--- START ---

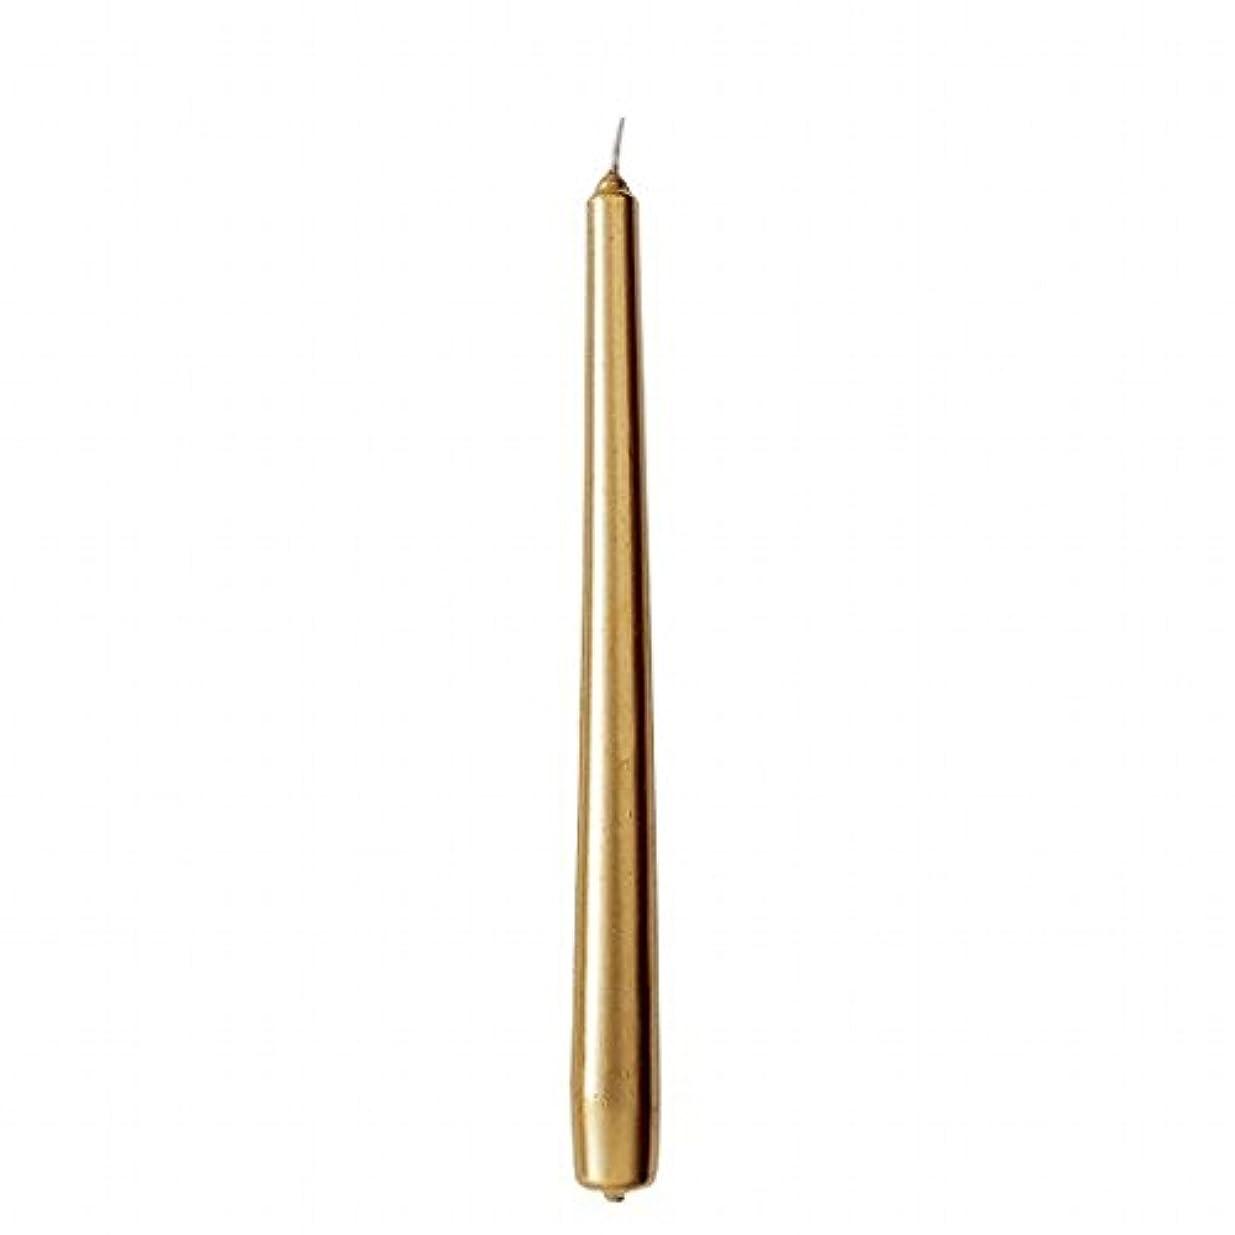 プラスラフレシアアルノルディトリップカメヤマキャンドル(kameyama candle) 10インチテーパー 「 ゴールド 」 12本入り
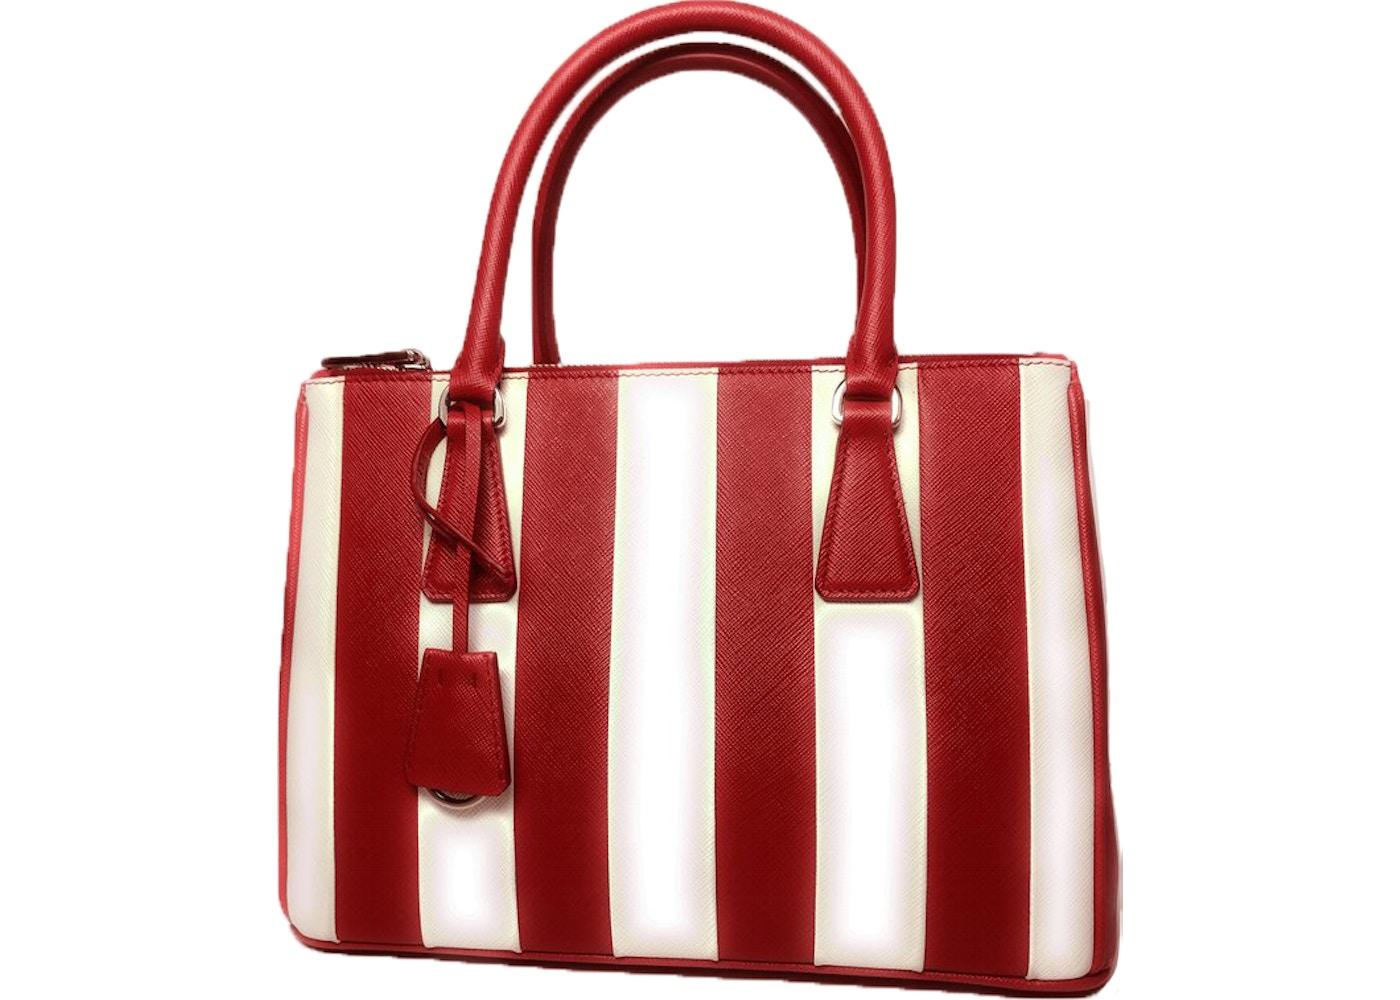 Prada Saffiano Galleria Handbag Red White
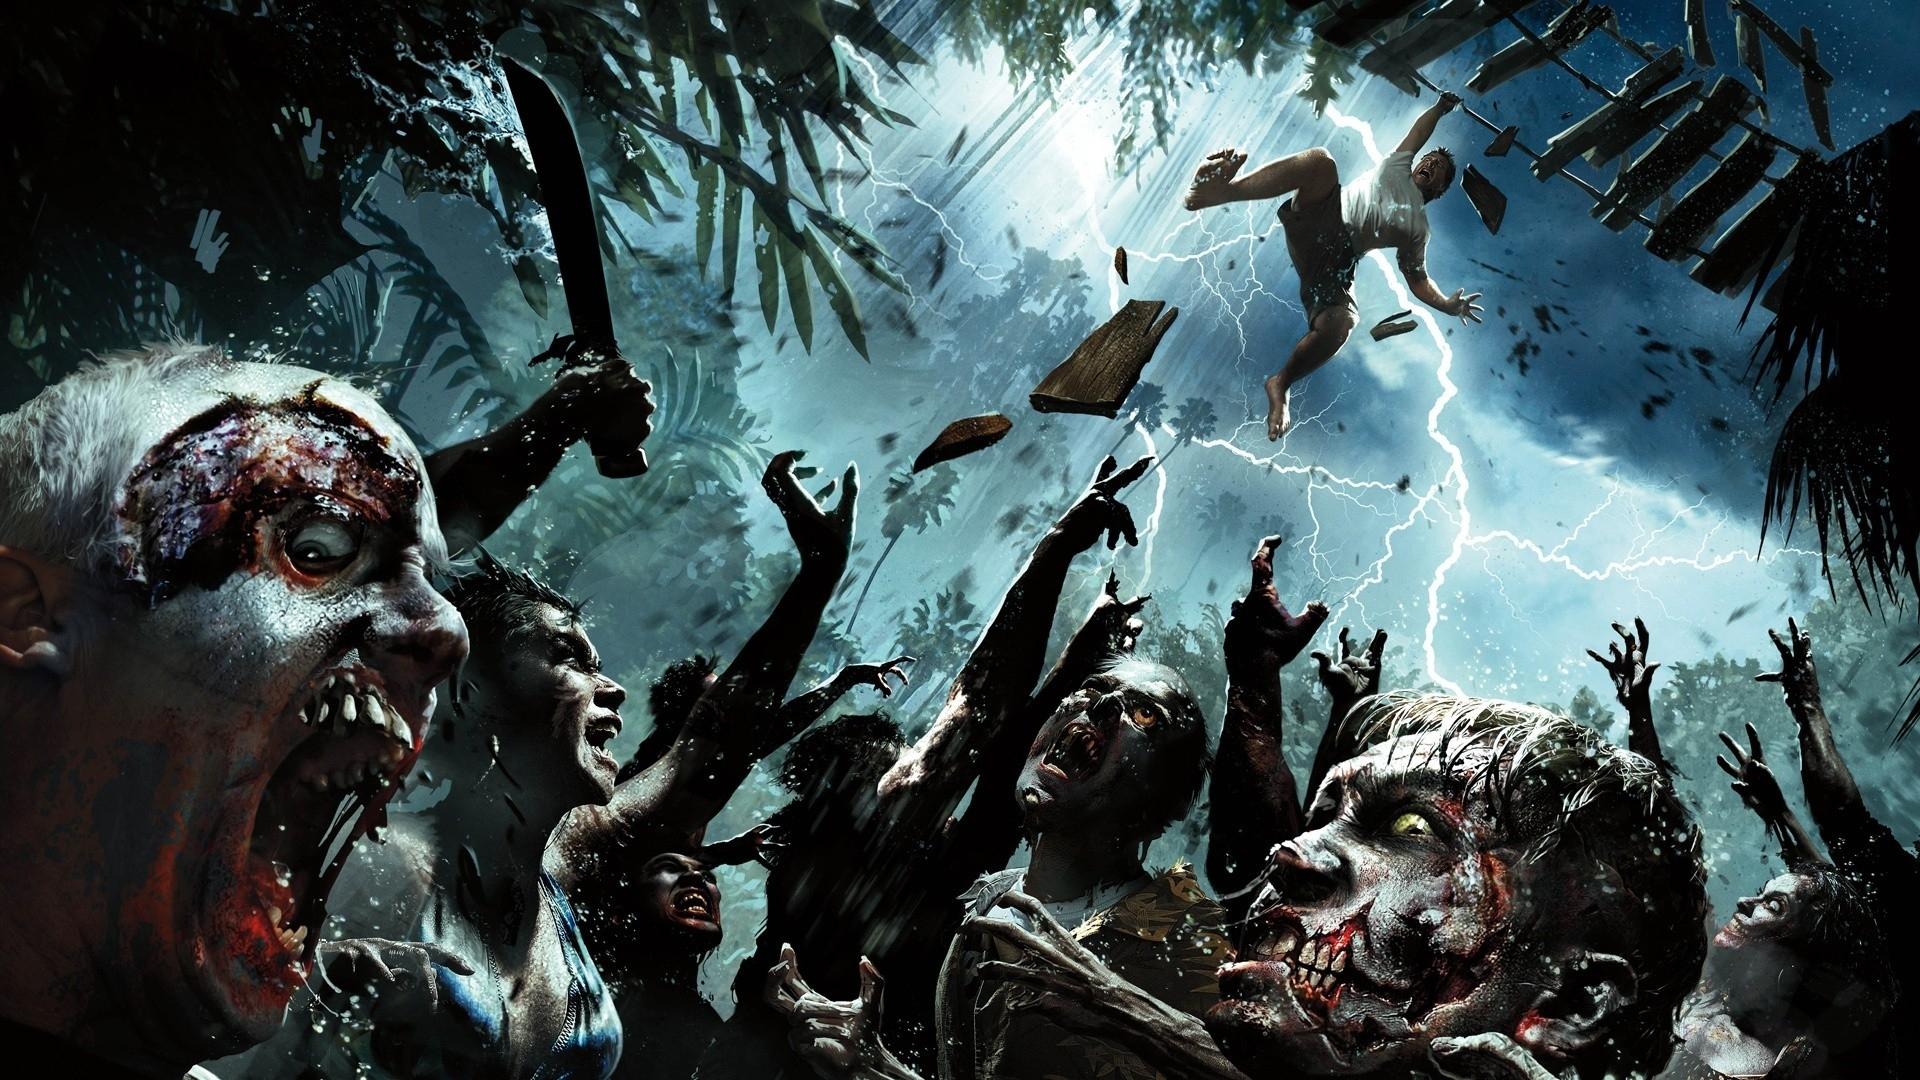 zombie wallpapers, full hd 1080p, best hd zombie pics, desktop

--- END ---

DIRECTIONS
Reproduce all of the material exactly, apart from the pictures.

TASK RESPONSE
 プラスラフレシアアルノルディトリップカメヤマキャンドル(kameyama candle) 10インチテーパー 「 ゴールド 」 12本入り
 Prada Saffiano Galleria Handbag Red White
 zombie wallpapers, full hd 1080p, best hd zombie pics, desktop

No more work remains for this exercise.